The book and reference category includes a quite wide range of apps, such as E-book processing software, collections of libraries, dictionaries, etc. This category is no exception to the earlier mentioned skew apparent in other large categories, where a few apps make up a large portion of the installs:

In [37]:
for app in android_final:
    if app[1] == 'BOOKS_AND_REFERENCE' and (app[5] == '1,000,000,000+'
                                            or app[5] == '500,000,000+'
                                            or app[5] == '100,000,000+'):
        print(app[0], ':', app[5])

Google Play Books : 1,000,000,000+
Bible : 100,000,000+
Amazon Kindle : 100,000,000+
Wattpad 📖 Free Books : 100,000,000+
Audiobooks from Audible : 100,000,000+


However, there seem to be a rather small number of apps with such a great reach in comparison with other categories. The skew appears less present in this category. Let's look at the mid segment of the market, with apps between 1,000,000 and 100,000,000 installs:

In [38]:
for app in android_final:
    if app[1] == 'BOOKS_AND_REFERENCE' and (app[5] == '1,000,000+'
                                            or app[5] == '5,000,000+'
                                            or app[5] == '10,000,000+'
                                            or app[5] == '50,000,000+'):
        print(app[0], ':', app[5])

Wikipedia : 10,000,000+
Cool Reader : 10,000,000+
Book store : 1,000,000+
FBReader: Favorite Book Reader : 10,000,000+
Free Books - Spirit Fanfiction and Stories : 1,000,000+
AlReader -any text book reader : 5,000,000+
FamilySearch Tree : 1,000,000+
Cloud of Books : 1,000,000+
ReadEra – free ebook reader : 1,000,000+
Ebook Reader : 5,000,000+
Read books online : 5,000,000+
eBoox: book reader fb2 epub zip : 1,000,000+
All Maths Formulas : 1,000,000+
Ancestry : 5,000,000+
HTC Help : 10,000,000+
Moon+ Reader : 10,000,000+
English-Myanmar Dictionary : 1,000,000+
Golden Dictionary (EN-AR) : 1,000,000+
All Language Translator Free : 1,000,000+
Aldiko Book Reader : 10,000,000+
Dictionary - WordWeb : 5,000,000+
50000 Free eBooks & Free AudioBooks : 5,000,000+
Al-Quran (Free) : 10,000,000+
Al Quran Indonesia : 10,000,000+
Al'Quran Bahasa Indonesia : 10,000,000+
Al Quran Al karim : 1,000,000+
Al Quran : EAlim - Translations & MP3 Offline : 5,000,000+
Koran Read &MP3 30 Juz Offline : 1,000,000+
H

This category appears dominated by E-book processing software, collections of libraries and dictionaries. It is probably a good idea to avoid such type of apps as the competition is bound to be rather high.

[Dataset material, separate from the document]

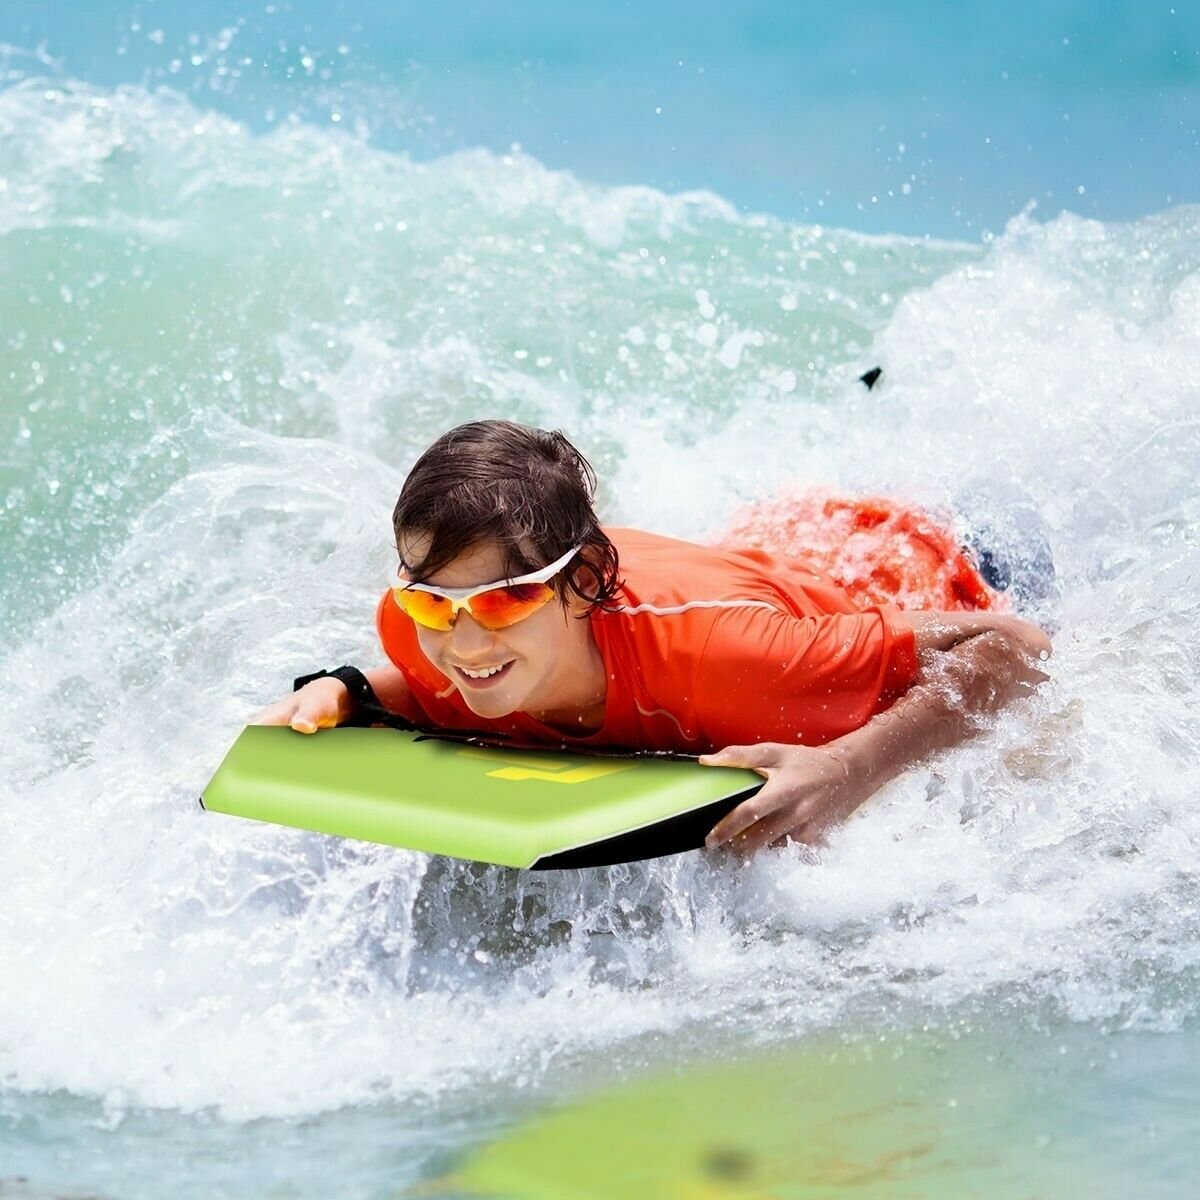 Бодиборд. Bodyboarding фото. Бодиборд для детей фото. Bodyboarding and surfing difference.

We also notice there are several apps based on the Quran, which suggests that the model of building an app around a popular book can be profitable. It seems as making an app based on a book could be a promising idea for an app likely to attract many users. Since there are already a lot of libraries present in the Google Play Store it is probably a good idea to add value in some additional way, by adding features such as daily quotes, a forum or similar.

## Conclusions
In this project we analysed data from both the App Store and the Google Play Store. This was done to identify what kind of free apps targeting an English-speaking audience are likely to attract many users. This is important conclusions for the company in question that have an add-based business model for their apps, making the number of users a key variable in business success.

It was concluded that it could be a good idea to turn a popular book into an app, and add supporting features to add additional value. This kind of an app seems like it has potential to attract many users in both the App Store and the Google Play store, thus supporting the company's goals.